Defining “Diaspora Jewry”

Reform clergyman Rick Jacobs, who serves as president of the Union for Reform Judaism, recently made a comment of interest to a secular Jewish newspaper. It was in response to chareidi opposition in Israel to a plan that would set aside an area adjacent to the Kosel Maaravi to accommodate unorthodox services. But his words were also aimed at the larger issue of religious standards in Israel for things like geirus, gittin v’kiddushin and the official recognition and government funding of Jewish movements that do not accept halachah as the arbiter of Jewish religious questions.
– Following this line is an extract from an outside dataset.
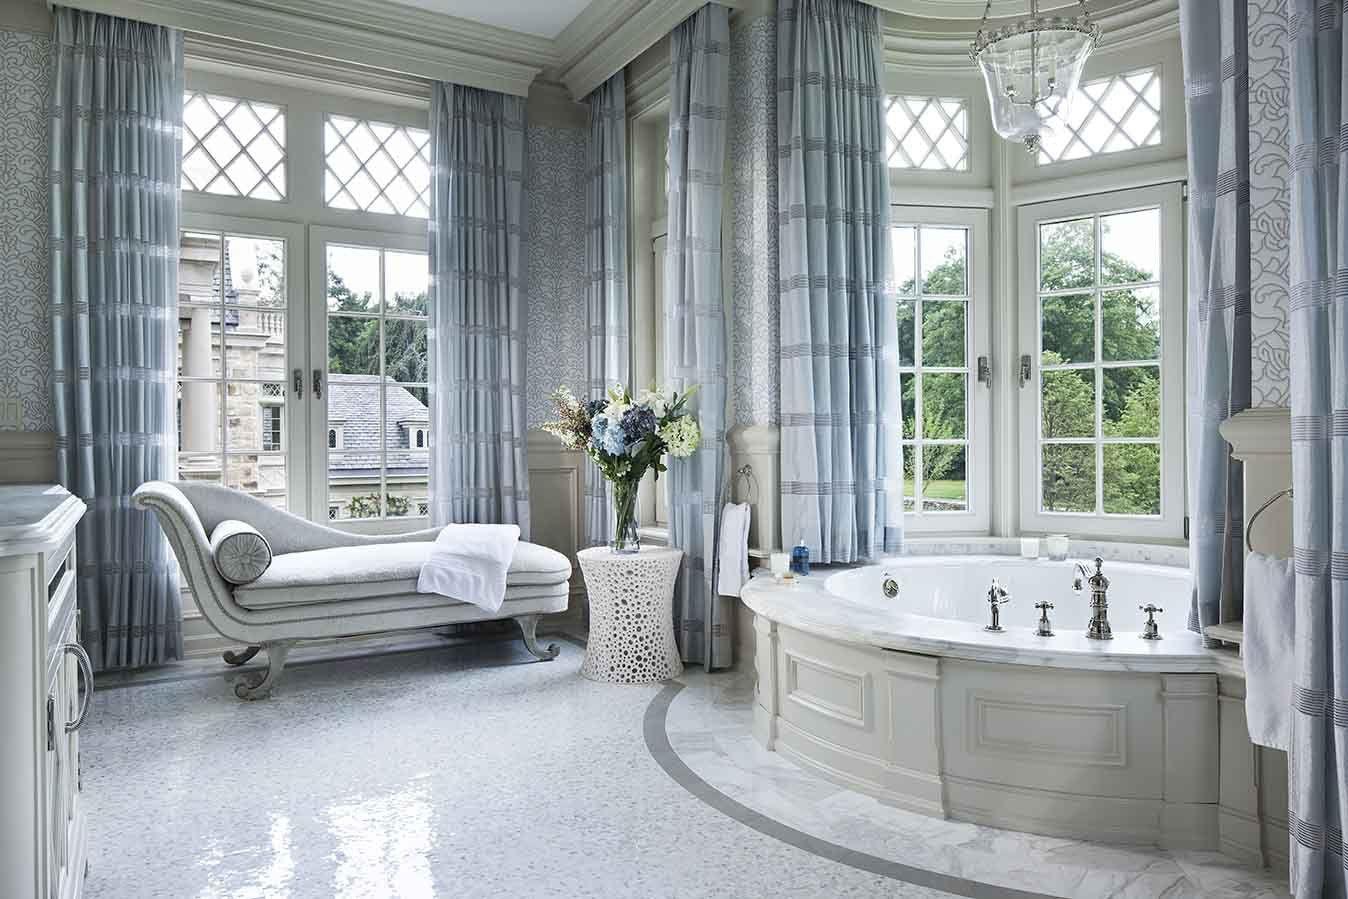 Badezimmer ideen große fliesen master bathroom  home  pinterest  badezimmer bad und einrichtung

What the Reform leader said was that, if Israel shuns compromise with the American Reform movement, “it will signal a serious rupture in the relationship between Diaspora Jewry and the Jewish state.” And he went on to contend that “Reform Jewish leaders speak up every day on behalf of the State of Israel on the college campus and in our communities. We are asked to speak up for Israel, even as Israel treats Reform Judaism as inauthentic.”

If, by that latter statement, Jacobs means to imply that Reform Jews’ support for Israel is contingent on the state’s adoption of the Reform movement’s religious matters determinations as an official counterpart to Israel’s halachah-respecting standard, it is astonishingly revealing. Threatening to hold his constituents’ support for Israel hostage until his movement is considered equal with the Judaism of the ages says much about the depth of Reform commitment to Israel’s security.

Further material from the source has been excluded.